Now we can perform interactive analysis of our example data:

grunt> first_five_records = LIMIT records 5;
grunt> DUMP first_five_records;   <<< this will trigger a MapReduce job
[...snip...]
(miguno,Rock: Nerf paper, scissors is fine.,1366150681)
(VoidRay,Prismatic core online!,1366160000)
(VoidRay,Fire at will, commander.,1366160010)
(BlizzardCS,Works as intended.  Terran is IMBA.,1366154481)
(DarkTemplar,From the shadows I come!,1366154681)

List the (unique) names of users that created tweets:

grunt> usernames = DISTINCT (FOREACH records GENERATE username);
grunt> DUMP usernames;            <<< this will trigger a MapReduce job
[...snip...]
(miguno)
(VoidRay)
(Immortal)
(BlizzardCS)
(DarkTemplar)

Writing Avro

To write output data in Avro format you must use AvroStorage – just like for reading Avro data.

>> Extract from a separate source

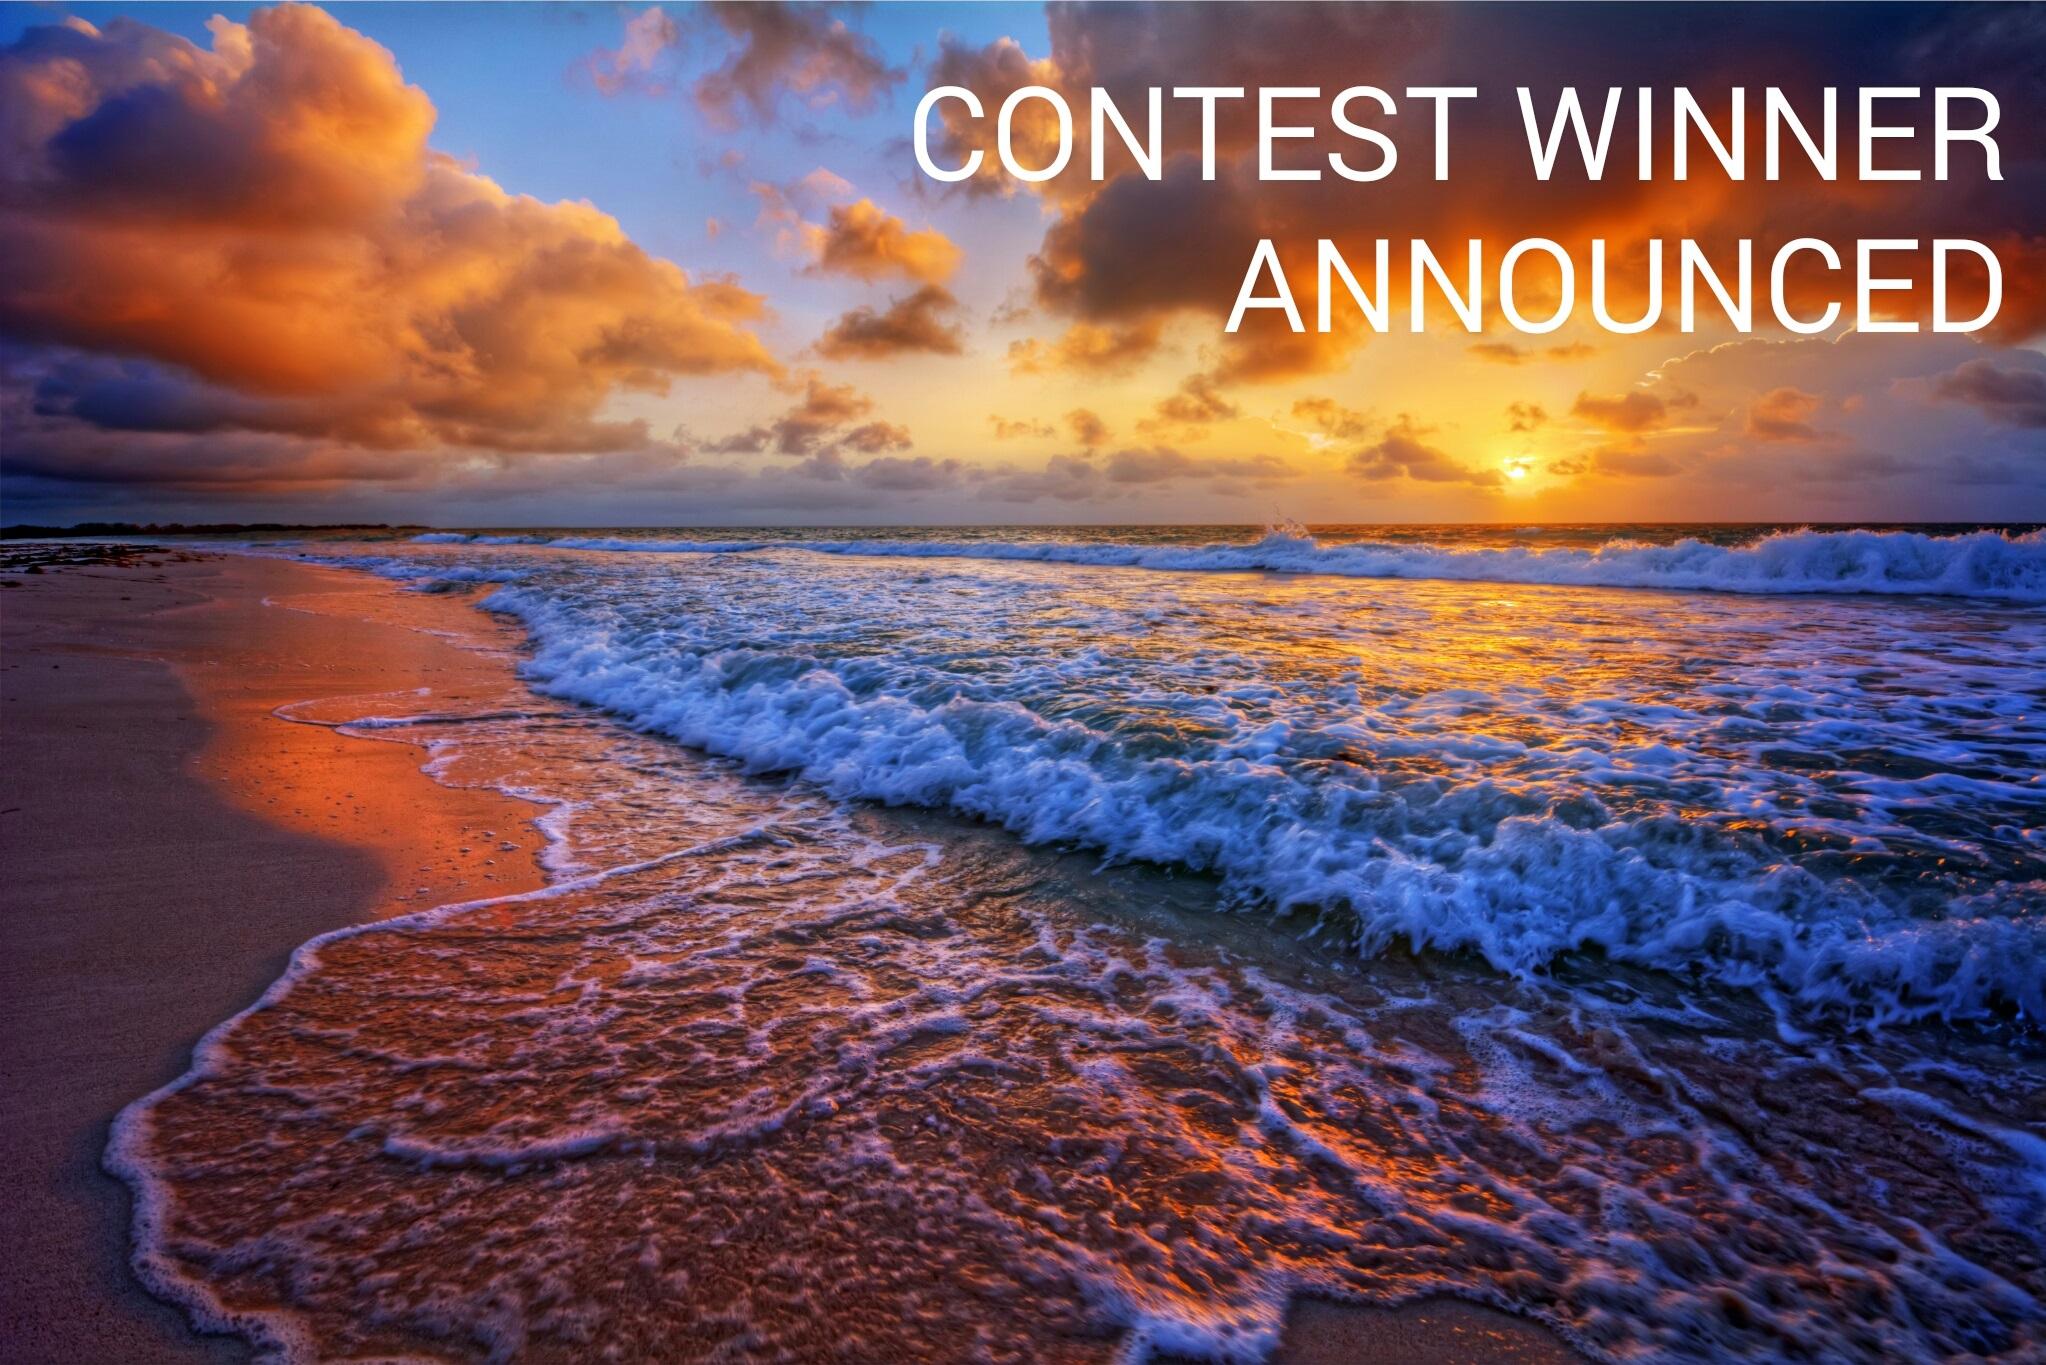 100Klikes Contest Winner Announced

It is strongly recommended that you do specify an explicit output schema when writing Avro data. If you don’t then Pig will try to infer the output Avro schema from the data’s Pig schema – and this may result in undesirable schemas due to discrepancies of Pig and Avro data models (or problems of Pig itself). See AvroStorage for details.

-- Use the same output schema as an existing directory of Avro files (files should have the same schema).
-- This is helpful, for instance, when doing simple processing such as filtering the input data without modifying
-- the resulting data layout.
STORE records INTO 'pig/output/'
    USING org.apache.pig.piggybank.storage.avro.AvroStorage(
        'no_schema_check',
        'data', 'examples/input/');

-- Use the same output schema as an existing Avro file as opposed to a directory of such files
STORE records INTO 'pig/output/'
    USING org.apache.pig.piggybank.storage.avro.AvroStorage(
        'no_schema_check',
        'data', 'examples/input/twitter.avro');

-- Manually define an Avro schema (here, we rename 'username' to 'user' and 'tweet' to 'message')
STORE records INTO 'pig/output/'
    USING org.apache.pig.piggybank.storage.avro.AvroStorage(
        '{
            "schema": {
                "type": "record",
                "name": "Tweet",
                "namespace": "com.miguno.avro",
                "fields": [
                    {
                        "name": "user",
                        "type": "string"
                    },
                    {
                        "name": "message",
                        "type": "string"
                    },
                    {
                        "name": "timestamp",
                        "type": "long"
                    }
                ],
                "doc:" : "A slightly modified schema for storing Twitter messages"
            }
        }');

If you need to store the data in two or more different ways (e.g. you want to rename fields) you must add the parameter “index” to the AvroStorage arguments. Pig uses this information as a workaround to distinguish schemas specified by different AvroStorage calls until Pig’s StoreFunc provides access to Pig’s output schema in the backend.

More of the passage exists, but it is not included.